What’s happening: We use createPriceAboveThresholdMarket, a convenience method that links a specific streamId to a market. When settleTime is reached, the network’s scheduler will automatically poll your stream, request a cryptographic attestation, and distribute payouts to the winners.

Markets are created immediately and trades can begin.

Step 4: Run The Code To Create Your First Market

All that is left is to run the code and, in a few seconds, you will have your own prediction market fully live on TRUF.NETWORK!

(async function () {
	try {
		const streamId = await createStream();
		await broadcastData(streamId);
		await createMarket(streamId);
	} catch (error) {
		console.error("Error:", error);
	}
})();

Next Steps

You’ve just built the backbone of a decentralized oracle and market system!

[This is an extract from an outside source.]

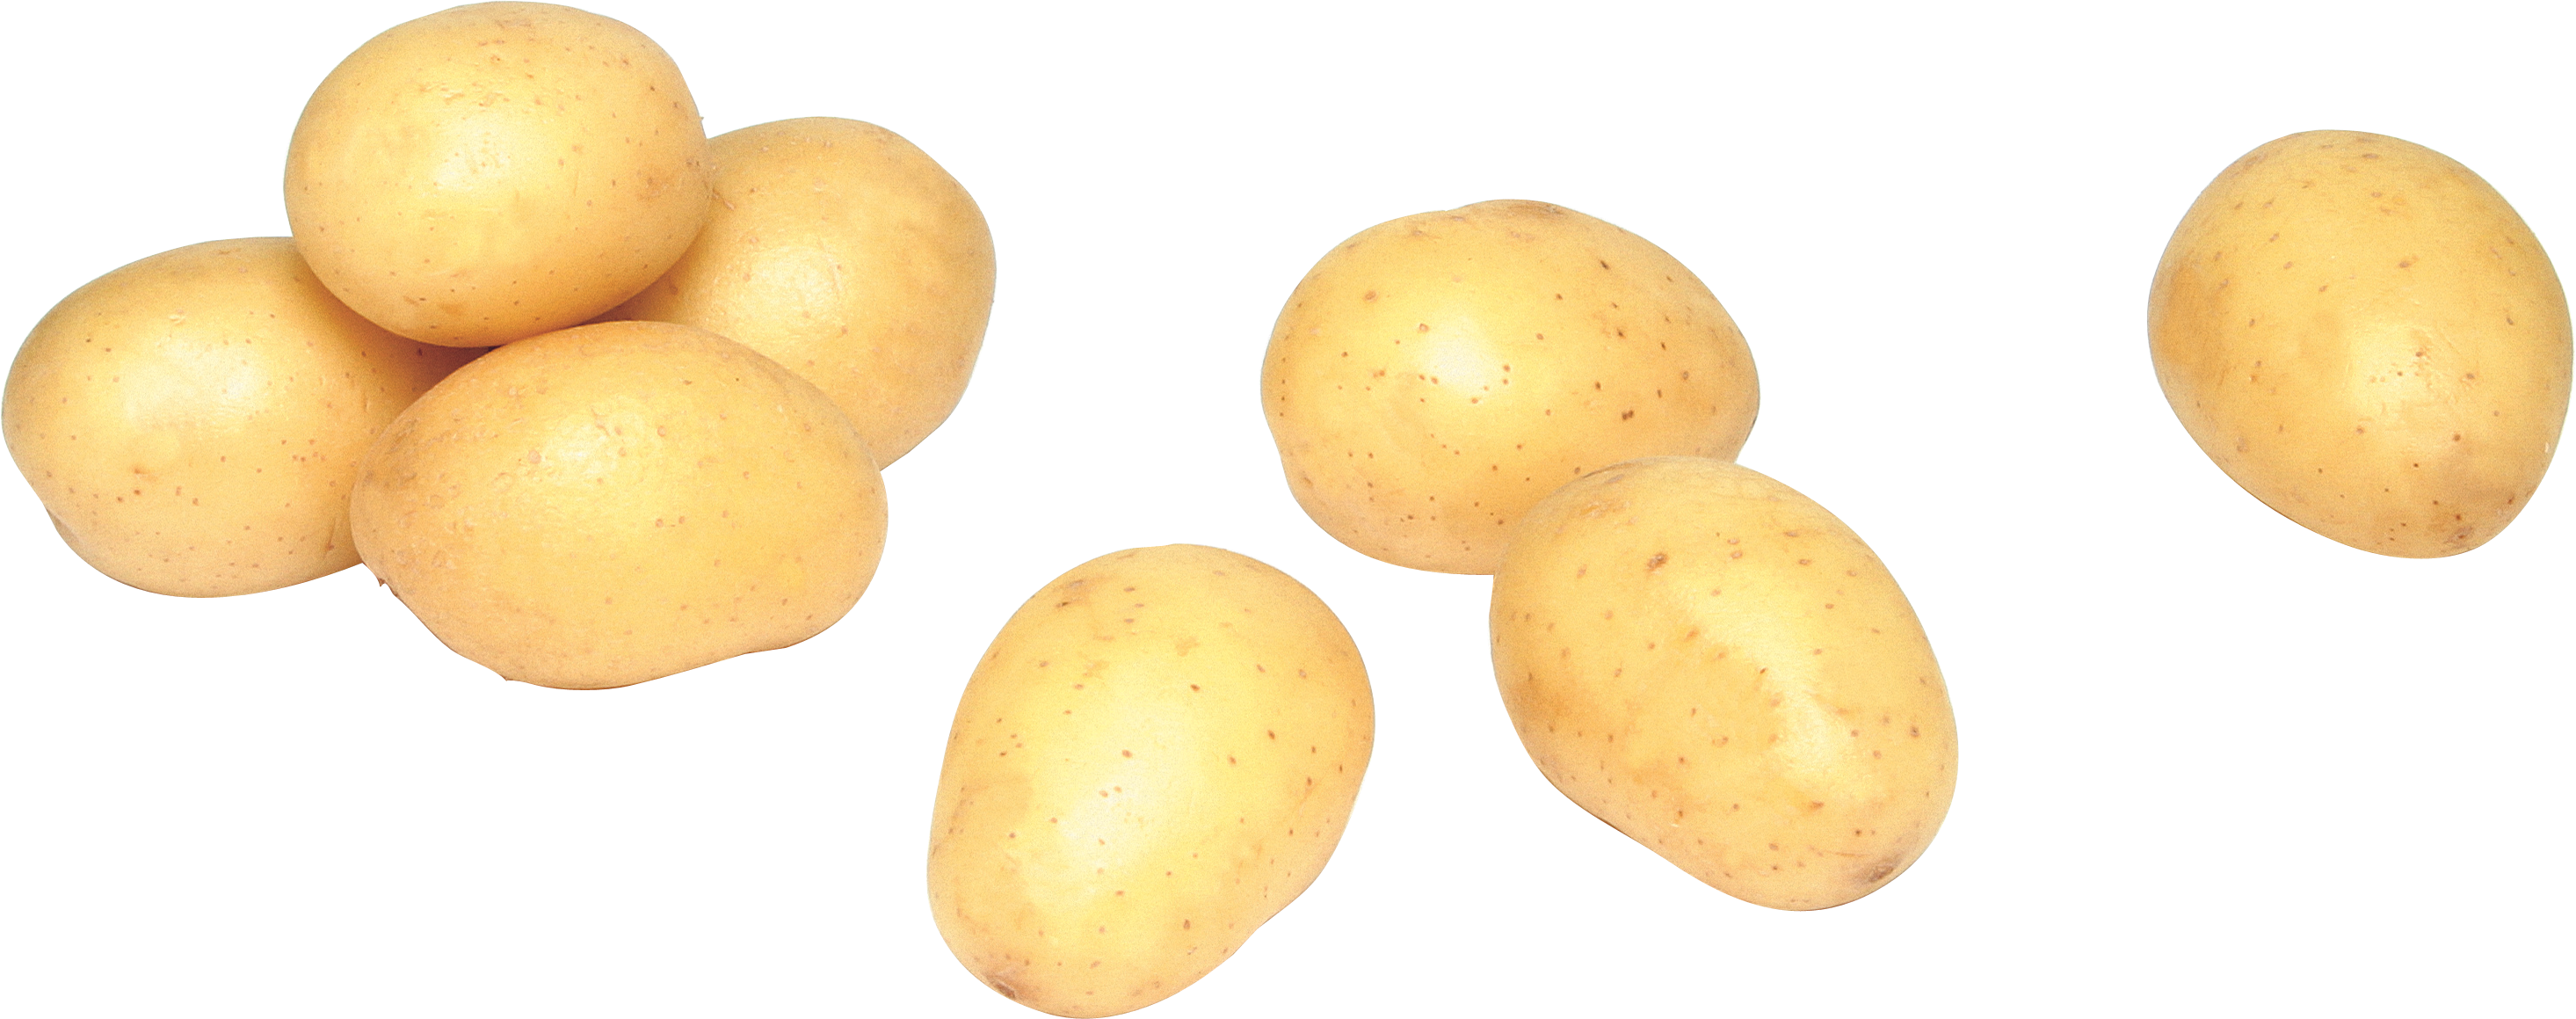 Küçük patates

From here, you can explore adding liquidity to your market or creating Composed Streams that aggregate data from multiple sources with weighted averages.

Build out your data broadcasting and market creation strategy to ensure that your markets are fresh and relevant. Be sure to visit Trufscan and add metadata to your data provider and stream entries for maximum discoverability by network participants.